When announcing the price increase, Netflix said it would go toward the costs of producing content.
“Our multi-year plan is to keep significantly growing our content while increasing our revenue faster to expand our operating margins,” Netflix said as part of its financials on Thursday. “We’re targeting a 9 percent operating margin in Q1 2019, which we expect will grow over the course of the year.”
According to some observers, Netflix can raise its price as long as it provides the kinds of entertainment that viewers value. BTIG Media Analyst Rich Greenfield told CNN Business, “If you keep adding more content that people like, then the price point is a moving target.” He did say that a monthly fee of $50 would not serve as a “compelling offer,” but it could possibly be the “right price” if the company had, say, the Major League Baseball and Monday Night Football contracts.
So who is Netflix really competing with in this increasingly crowded field?

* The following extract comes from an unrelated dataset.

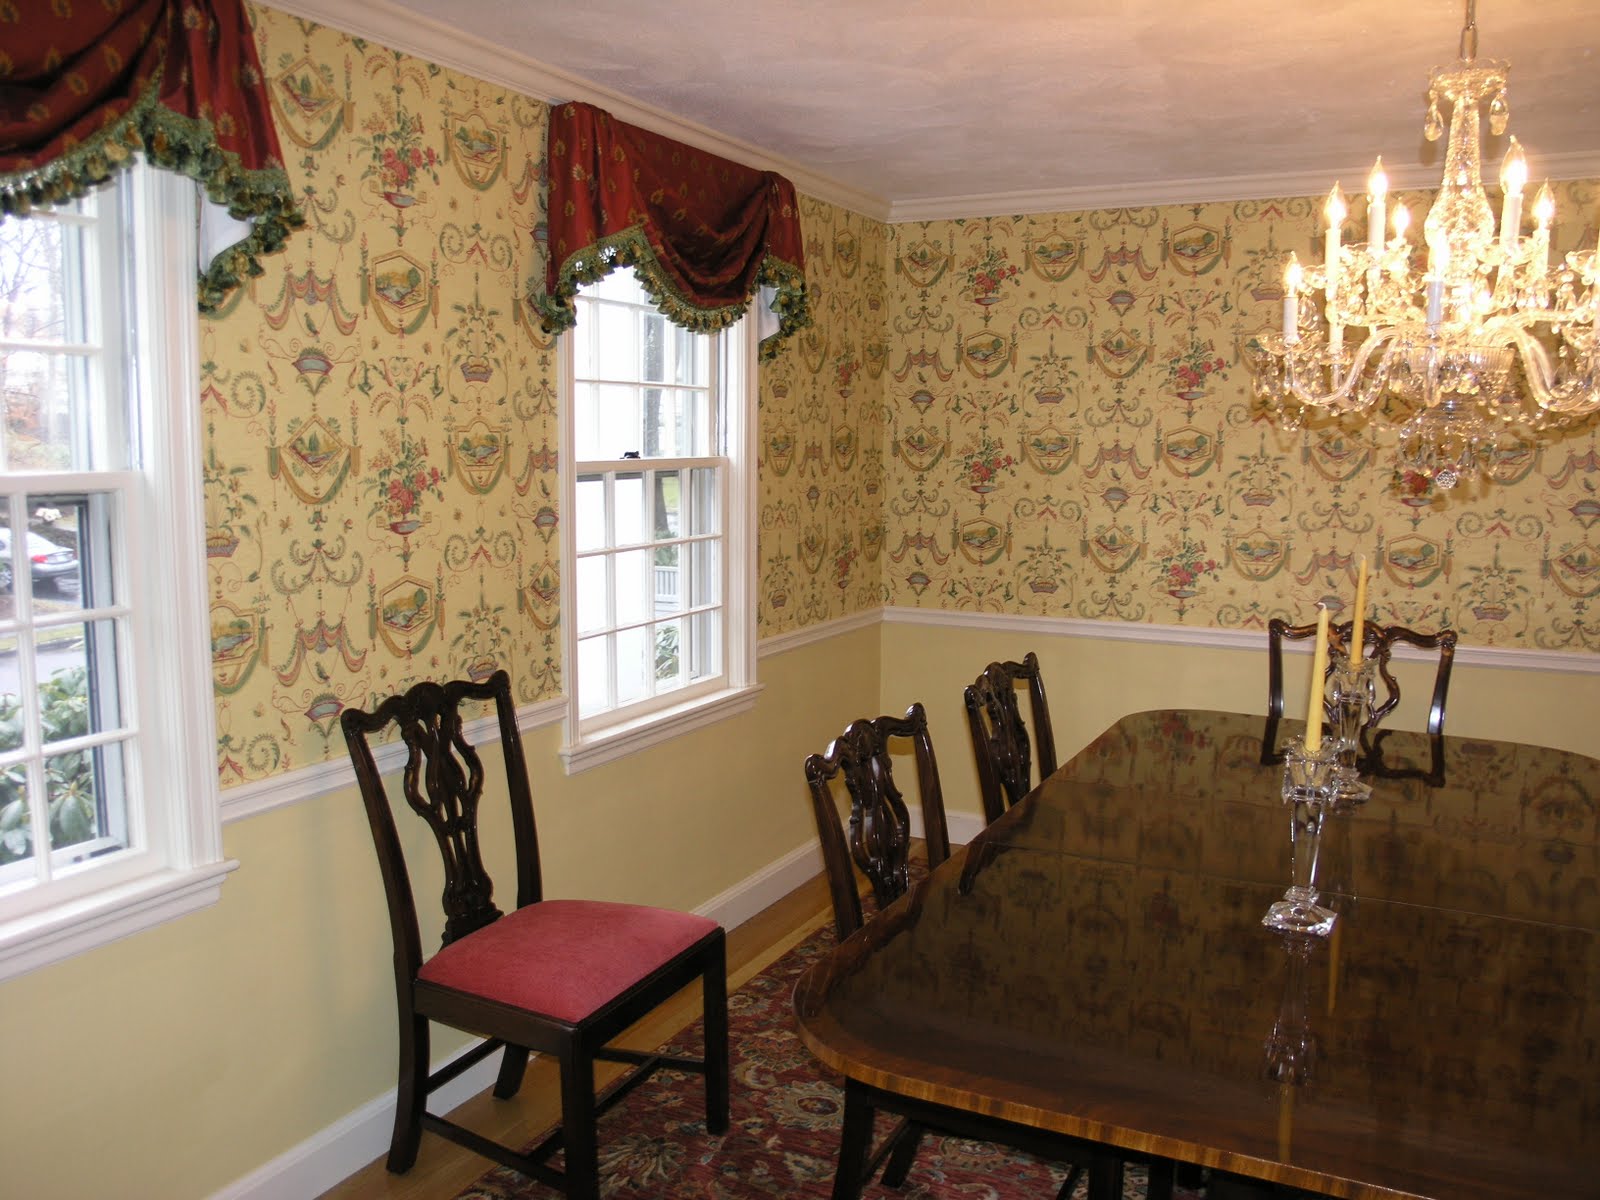 Greeff Historic Reproduction Wallpaper Colefax Fowler Silk With
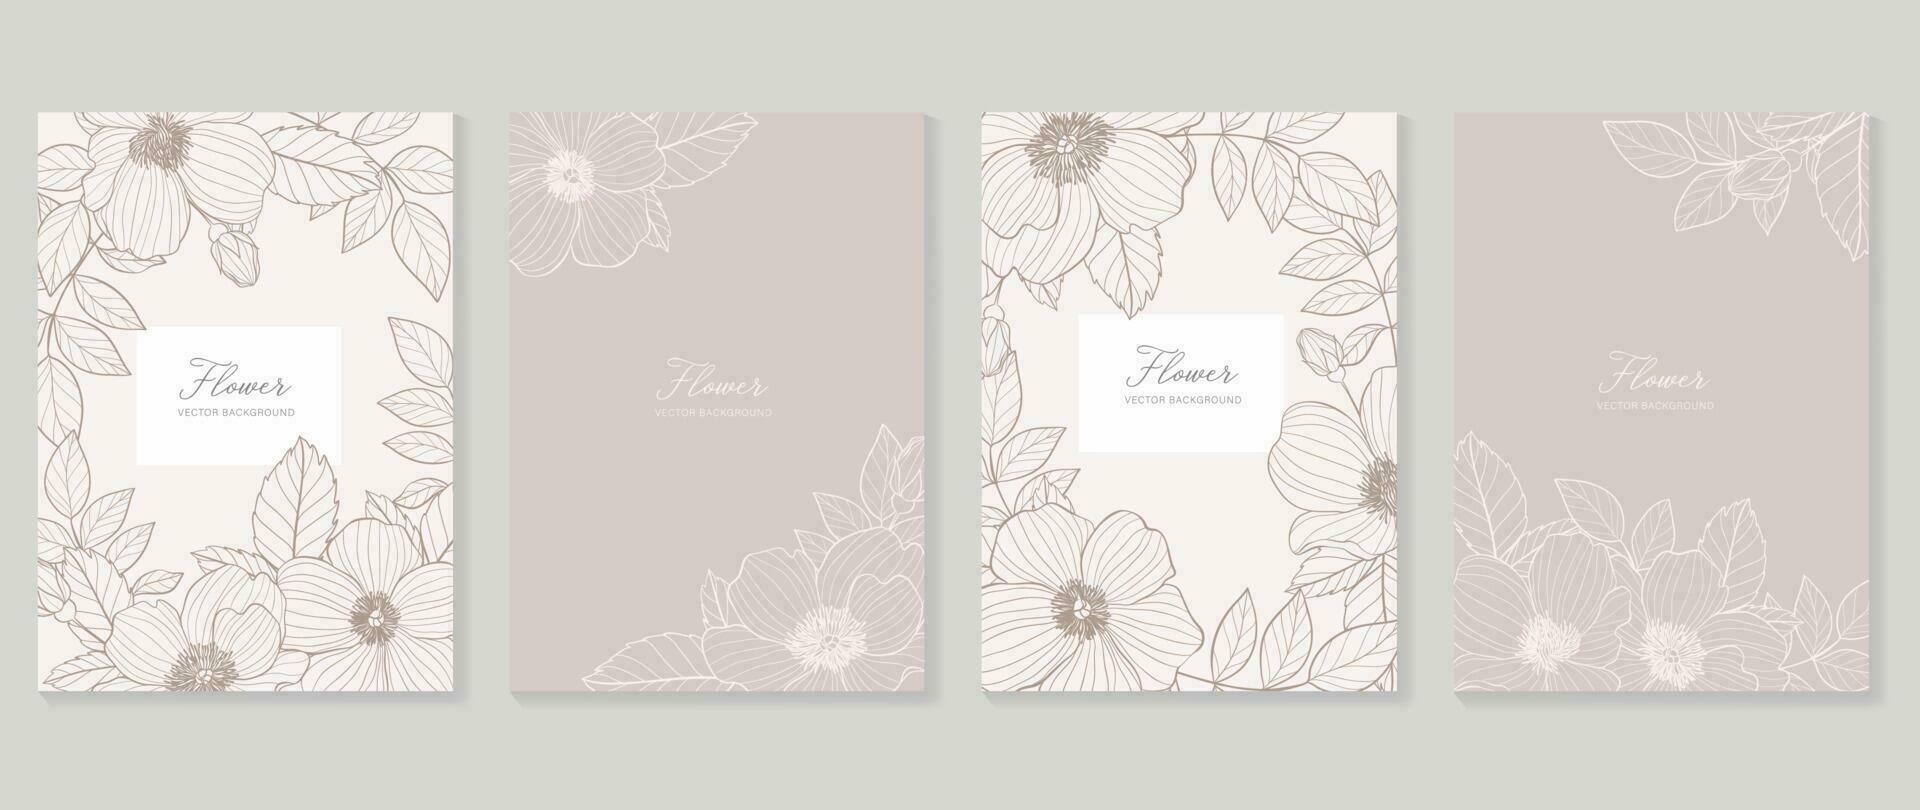 Minimal floral vector background cover. Plant hand drawn with copy space for text and line art flower and leaf branch in pastel colors. Botanical design suitable for banner, cover, invitation.

According to the shareholder letter released Thursday, while Netflix has a “very broad set of competitors, we compete with (and lose to) Fortnite more than HBO.”
For the fourth quarter of 2019, Netflix reported an operating margin of 5.2 percent — down from 7.5 percent from the “prior year due to so many titles launching in the quarter.” Revenue came in at $4.19 billion — up 27.4 percent from the year-ago period but below the Refinitiv consensus of $4.21 billion. For Q1 2019, Netflix expects revenue of nearly $4.5 billion.
Company executives did not discuss the app store situation. As PYMNTS has reported, Netflix, along with Spotify, are skirting the app stores and their fees — a move that analysts estimate could cost Apple $287 million in lost fees from Netflix.